YOUR ASSIGNMENT:
Everything in the listing must be repeated exactly, apart from the images.

RAW DATA:
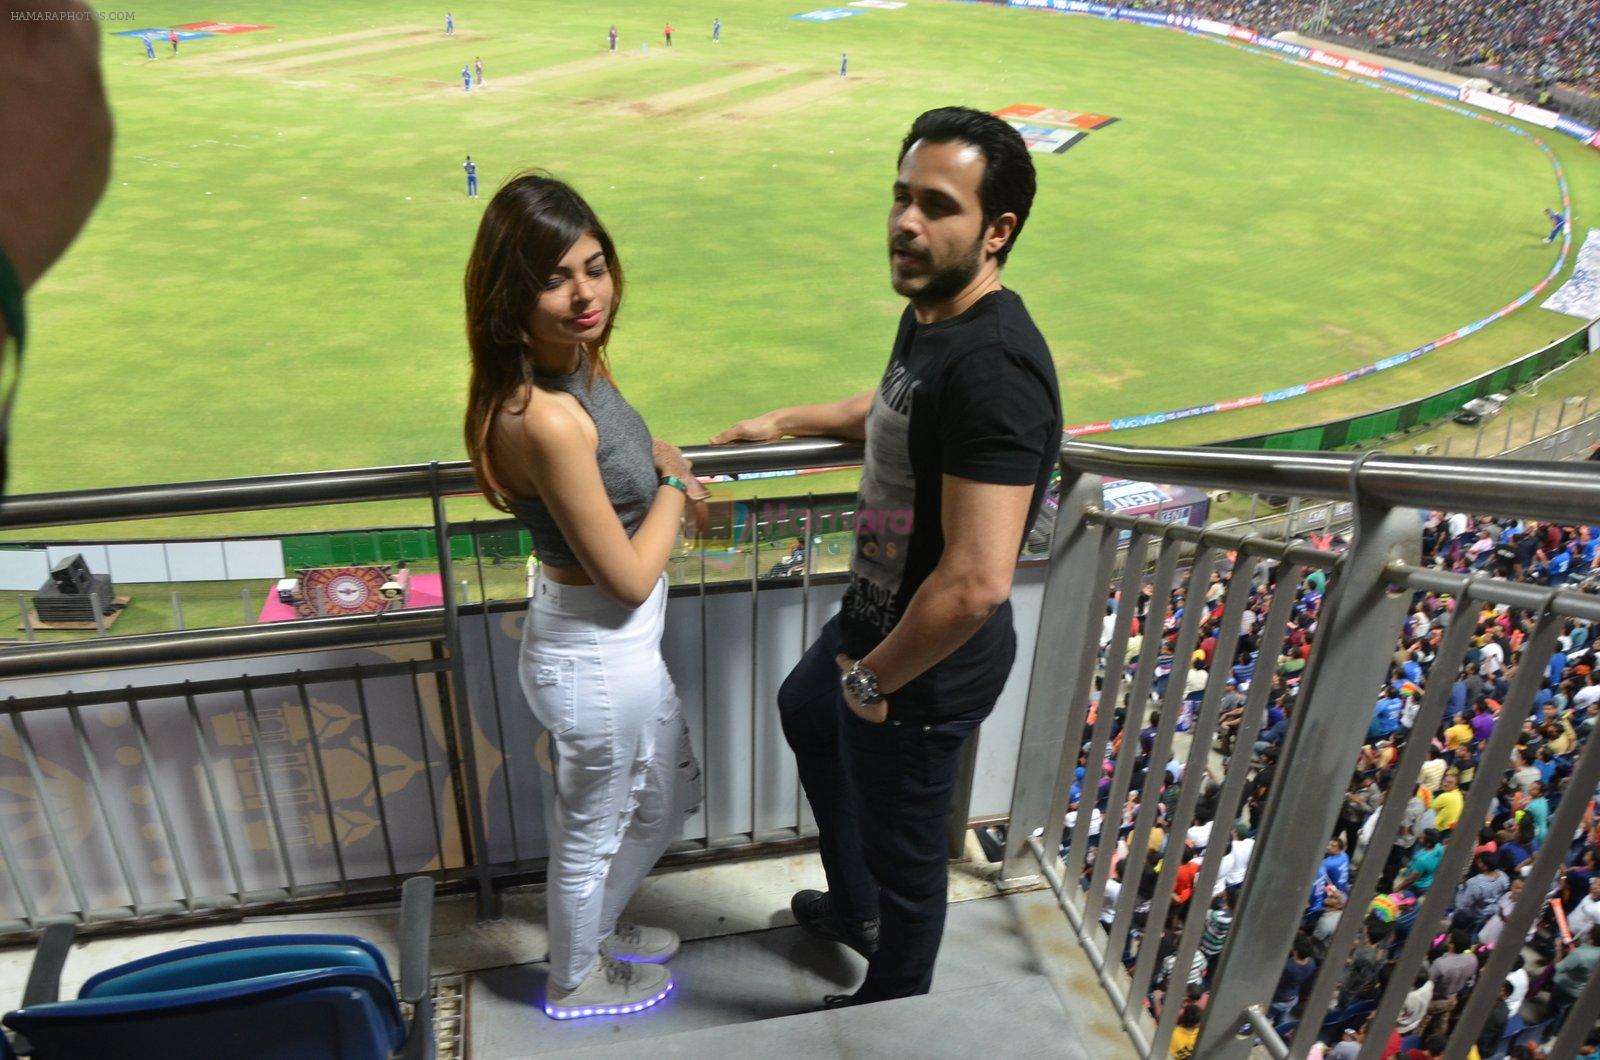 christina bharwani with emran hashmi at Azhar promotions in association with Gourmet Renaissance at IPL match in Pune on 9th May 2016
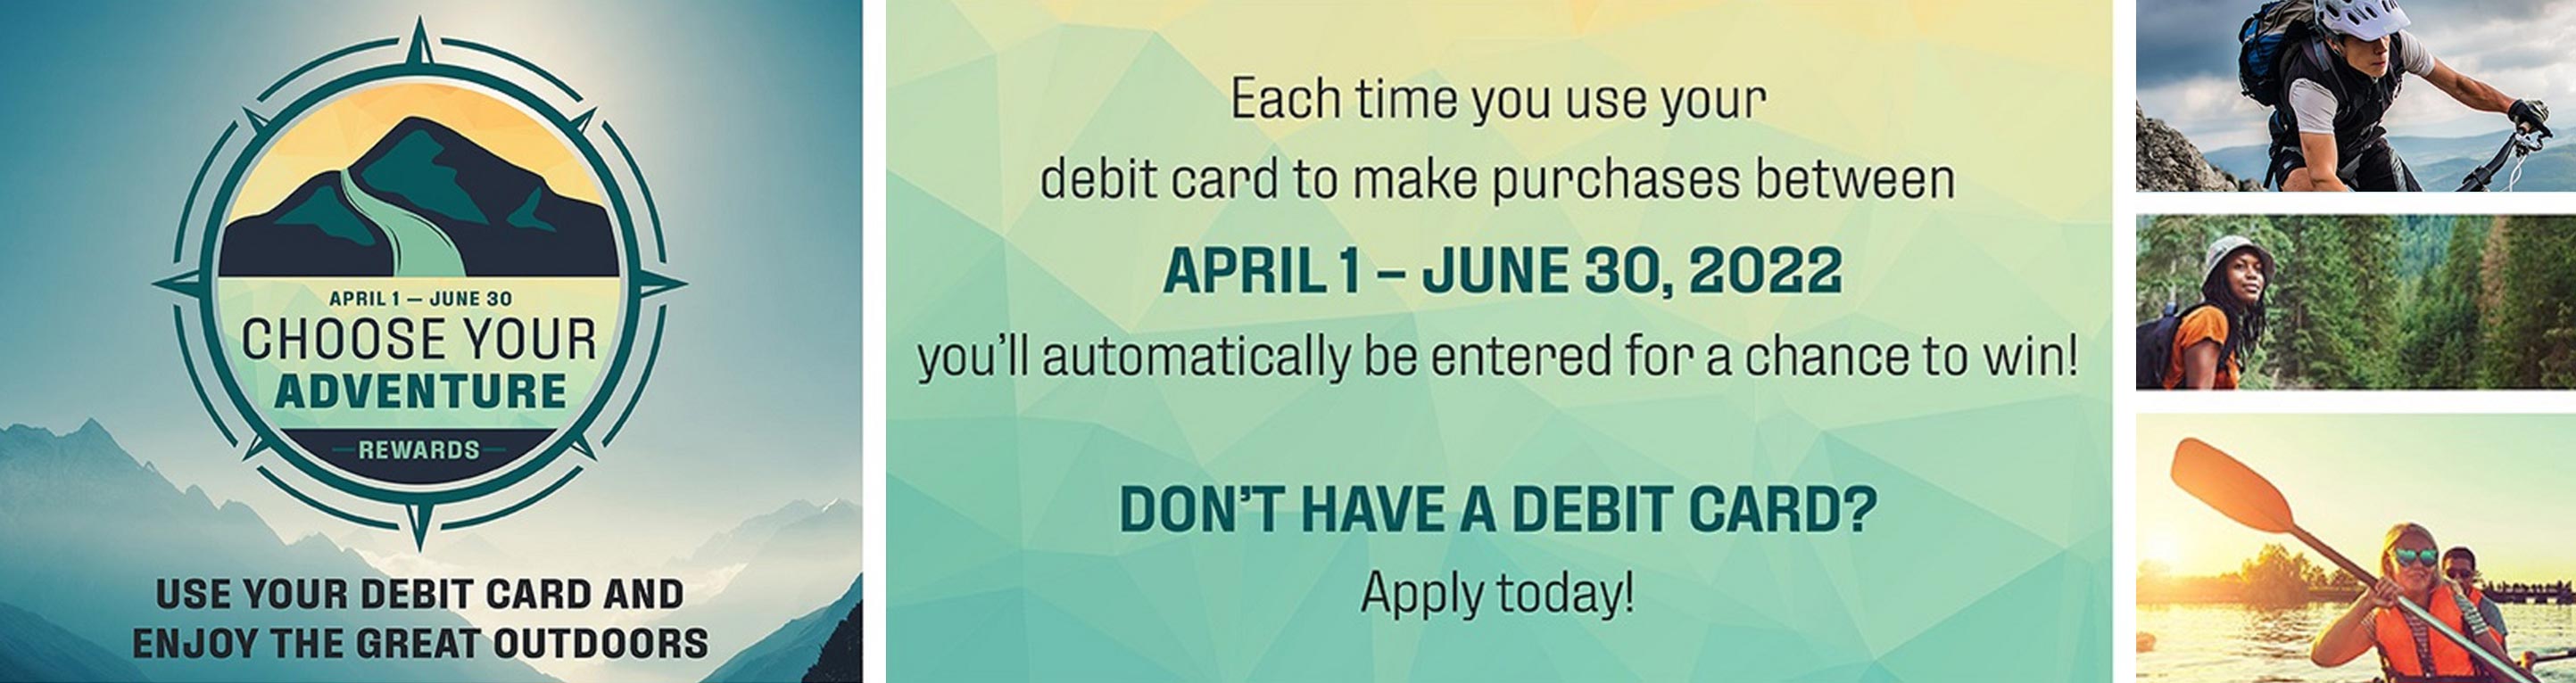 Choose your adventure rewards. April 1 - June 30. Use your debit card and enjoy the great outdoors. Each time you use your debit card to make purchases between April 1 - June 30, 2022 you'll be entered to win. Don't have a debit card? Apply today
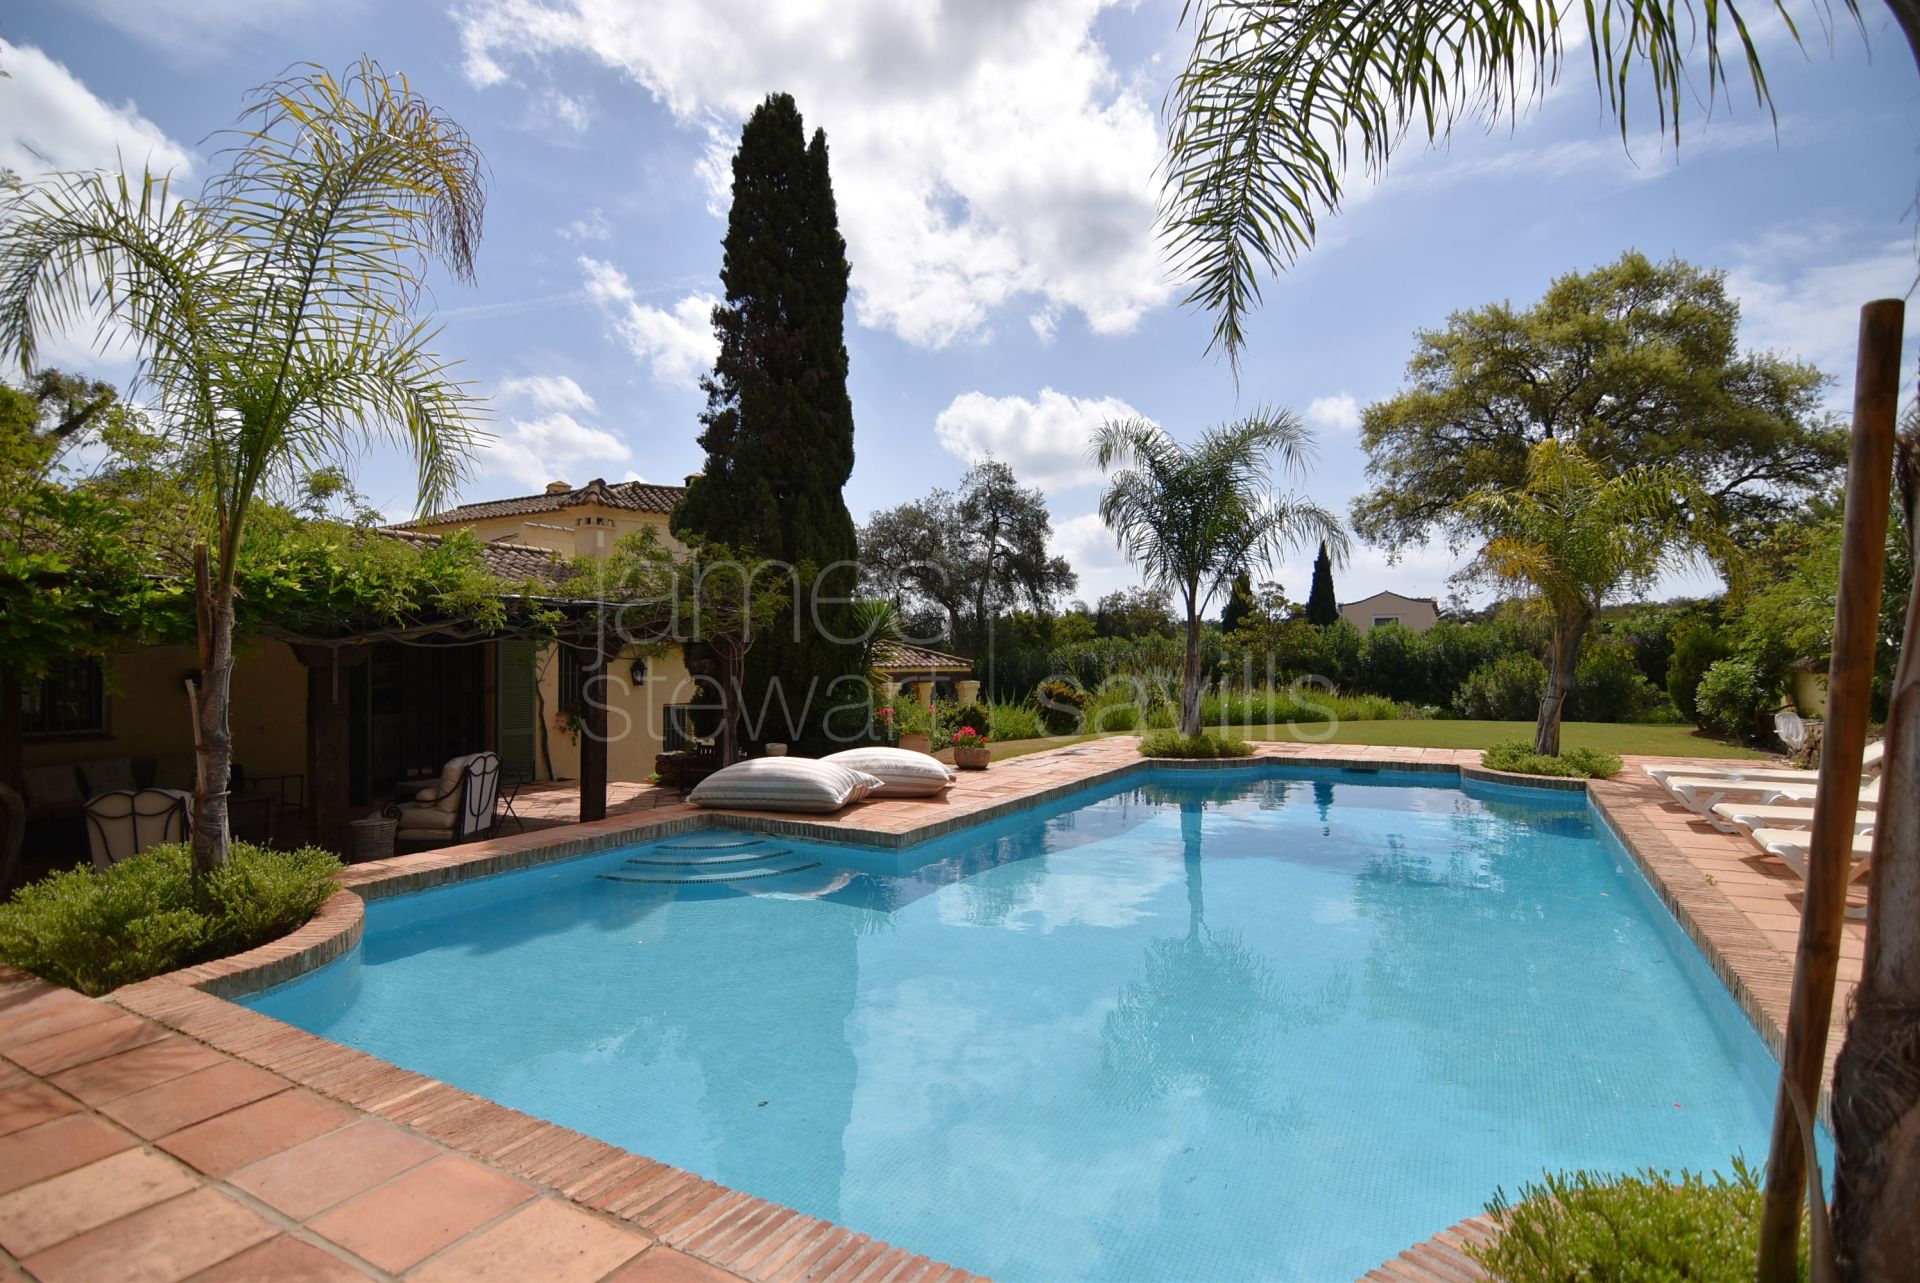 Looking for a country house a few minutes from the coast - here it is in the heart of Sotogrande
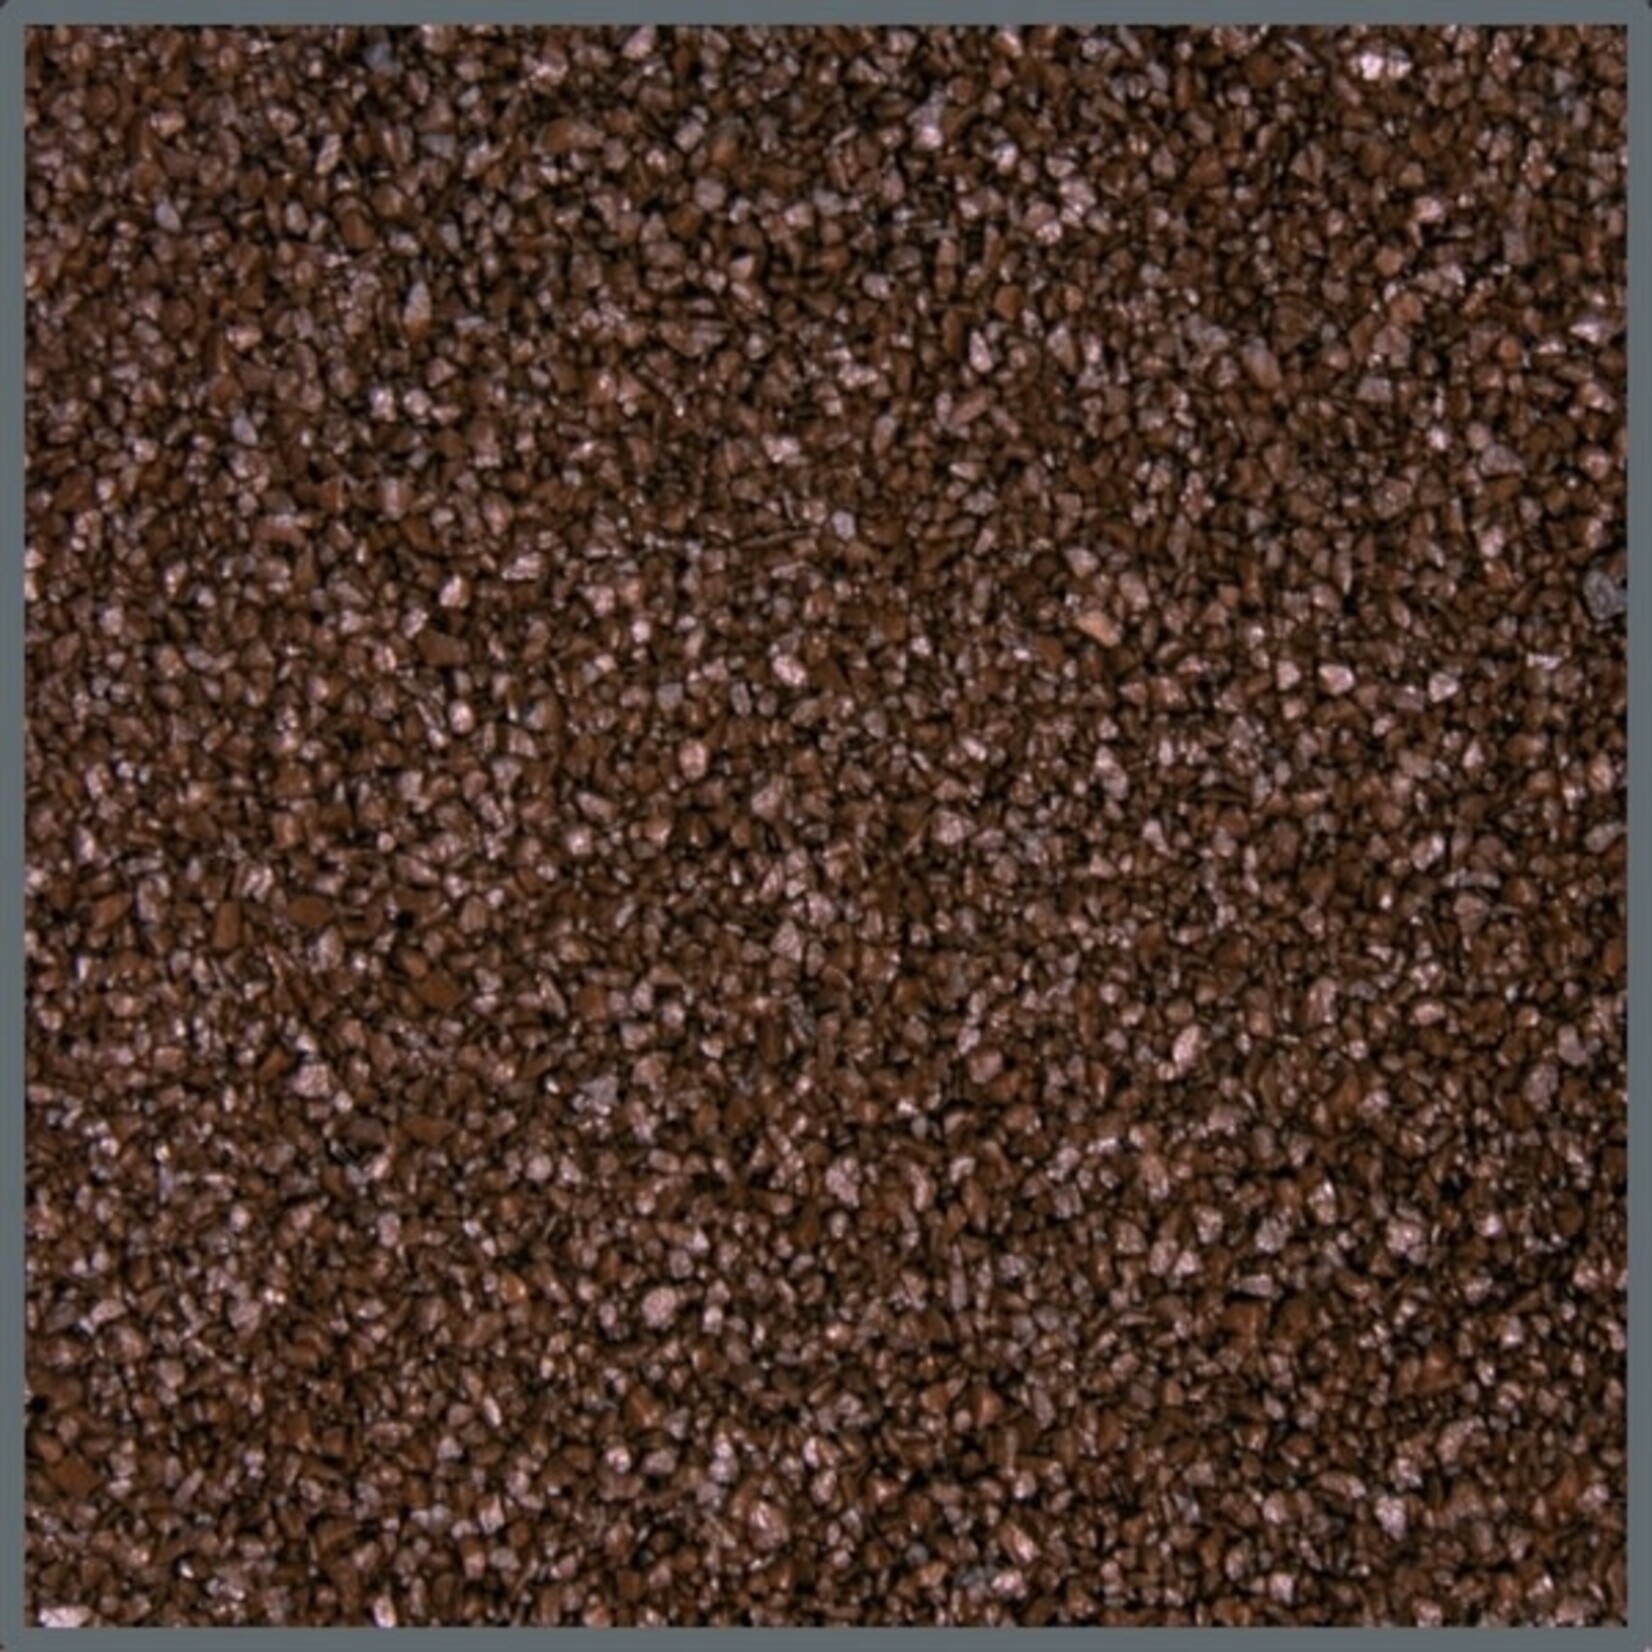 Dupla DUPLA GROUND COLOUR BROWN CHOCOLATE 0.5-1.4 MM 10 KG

PROBLEM SOLUTION:
 christina bharwani with emran hashmi at Azhar promotions in association with Gourmet Renaissance at IPL match in Pune on 9th May 2016
 Choose your adventure rewards. April 1 - June 30. Use your debit card and enjoy the great outdoors. Each time you use your debit card to make purchases between April 1 - June 30, 2022 you'll be entered to win. Don't have a debit card? Apply today
 Looking for a country house a few minutes from the coast - here it is in the heart of Sotogrande
 Dupla DUPLA GROUND COLOUR BROWN CHOCOLATE 0.5-1.4 MM 10 KG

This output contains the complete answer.